Surgical treatment typically involves the use of implants and longitudinal members, such as spinal rods. Implants may be disposed between two vertebral members for supporting and/or repositioning the vertebral members. Implants may also be used to facilitate a fusion process between a superior vertebrae and an inferior vertebrae. Longitudinal members may be attached to the exterior of two or more vertebral members to assist with the treatment of a spinal disorder. Longitudinal members may provide a stable, rigid column that helps bones to fuse, and may redirect stresses over a wider area away from a damaged or defective region. Also, rigid longitudinal members may help in spinal alignment.
Screw assemblies may be used to connect a longitudinal member to a vertebral member. A screw assembly may include a pedicle screw, hook, tulip bulb connector or other type of receiver, and a set screw, among other components. A pedicle screw can be placed in, above and/or below vertebral members that were fused, and a longitudinal member can be used to connect the pedicle screws which inhibits or controls movement. A set screw can be used to secure the connection of a longitudinal member and a pedicle screw, hook, or other connector. However, the connection force and continued integrity of the connection between a longitudinal member and a pedicle screw or other connector can be challenging to monitor during and after implantation. In addition, it is difficult to monitor that an appropriate force is maintained between a set screw and a longitudinal member. Conventional spinal implants, load assemblies, and/or screw assemblies are not capable of sensing and transmitting the connection force between a longitudinal rod and a pedicle screw installed within a patient. Conventional spinal implants are not capable of sensing the stress/strain applied to the spinal implant, by, e.g., the pressure between adjacent vertebrae and/or the pressure applied by an adjacent pedicle screw, longitudinal rod, etc. Furthermore, they cannot continuously monitor and maintain a secure connection on relatively long-time frames.

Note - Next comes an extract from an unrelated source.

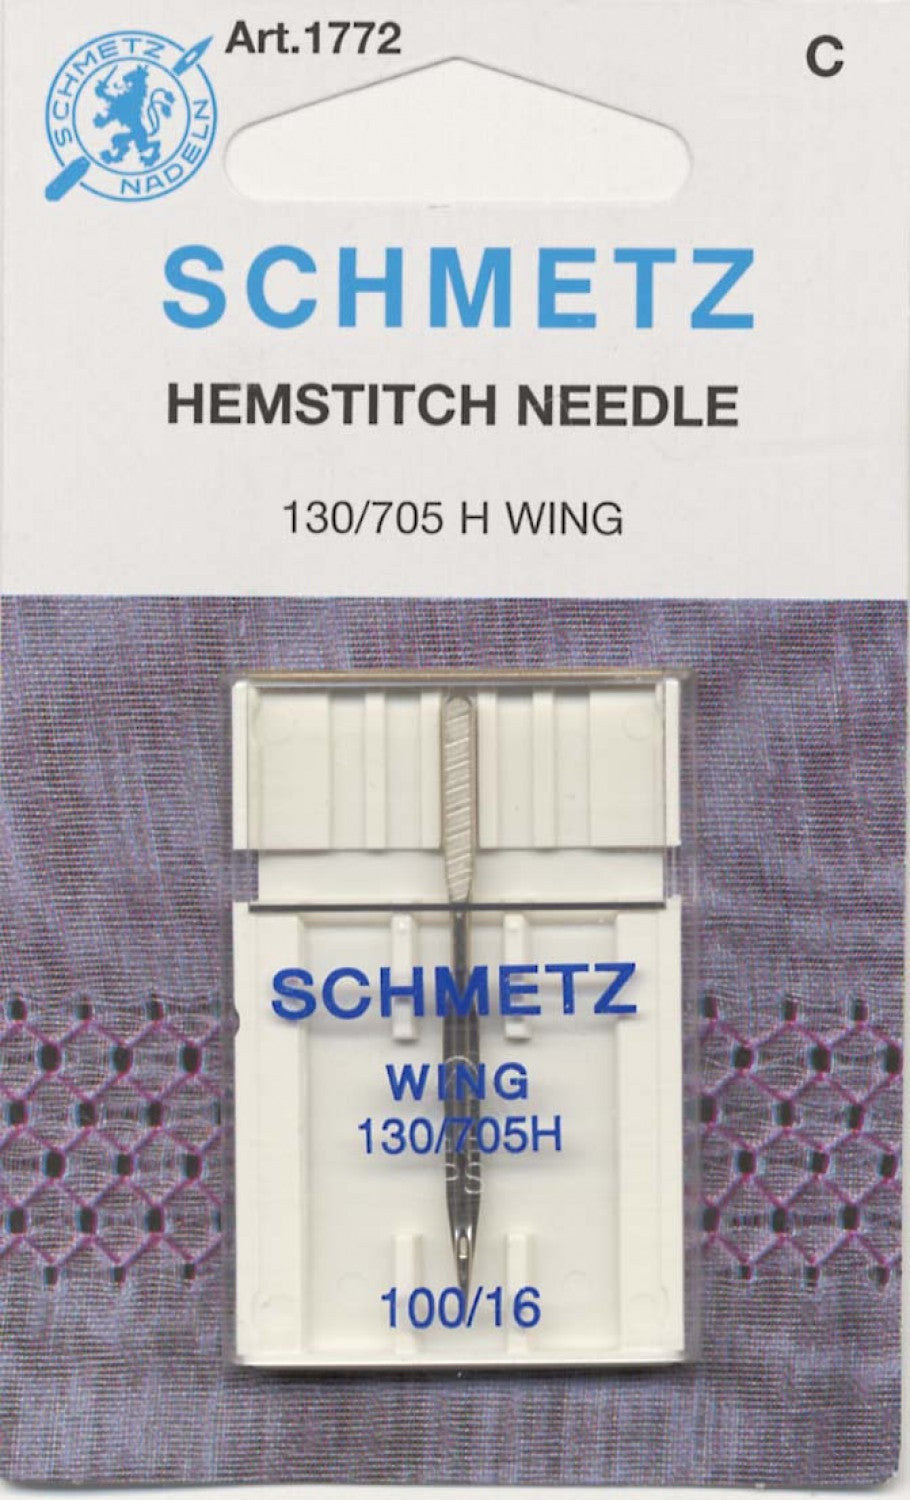 Schmetz Wing Needle - 100/16 - 1 Package of 5 Needles

The techniques of this disclosure generally relate to spinal implants having various sensors for communicating attributes about the spinal implants when installed in patient anatomy to an external reader.

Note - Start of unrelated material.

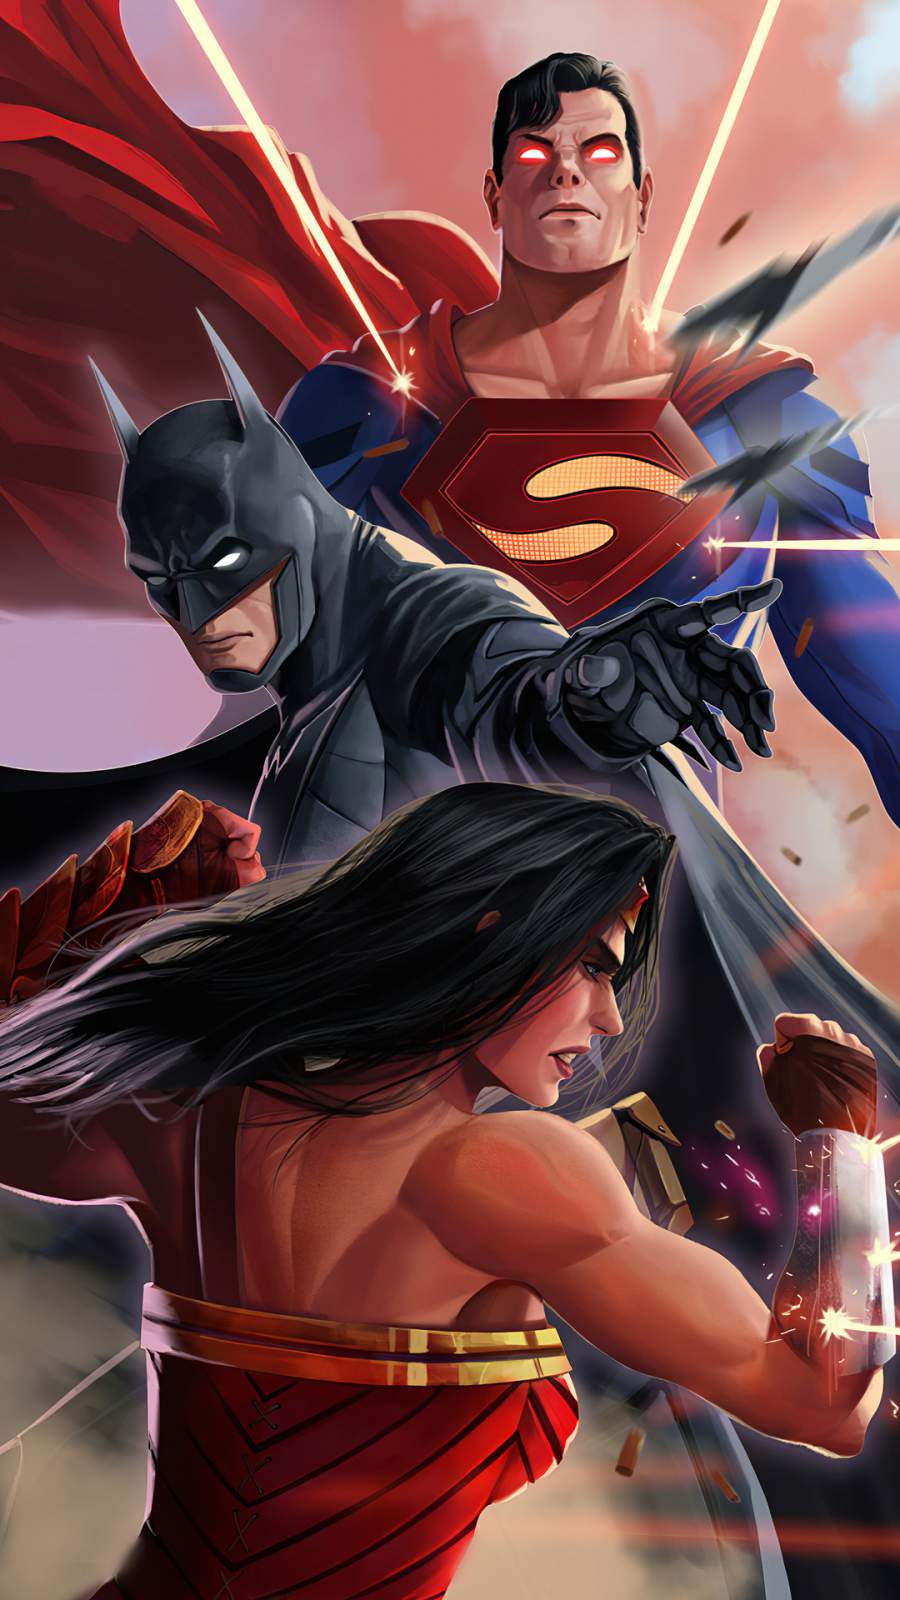 DC Superheroes IPhone Wallpaper - IPhone Wallpapers : iPhone Wallpapers

In one aspect, load sensing spinal implants having at least one sensor and an antenna are disclosed. An example implant may include an interbody cage extending in a longitudinal direction from a proximal end to a distal end and in a widthwise direction from a first lateral end to a second lateral end; and an electronics portion including a housing defining a sealed cavity for supporting an electronics assembly and a battery therein. The implant may include at least one antenna in electrical communication with the electronics assembly; and at least one strain gauge configured to detect a localized force experienced by the interbody cage. The at least one antenna may be configured to transmit information received from the at least one strain gauge to an external device. The electronics assembly may be disposed on the side of the cage, a distal end of the cage, or inside a graft window of the cage.
In another aspect, the present disclosure provides a load sensing spinal implant, including an interbody cage extending in a longitudinal direction from a proximal end to a distal end and in a widthwise direction from a first lateral end to a second lateral end. The implant may include an electronics portion including a housing defining a sealed cavity for supporting an electronics assembly and a battery therein. The implant may include at least one antenna in electrical communication with the electronics assembly. The implant may include at least one strain gauge configured to detect a localized force experienced by the interbody cage and being in electrical communication with the electronics assembly. In various embodiments, the at least one antenna may be configured to transmit information received from the at least one strain gauge to an external device.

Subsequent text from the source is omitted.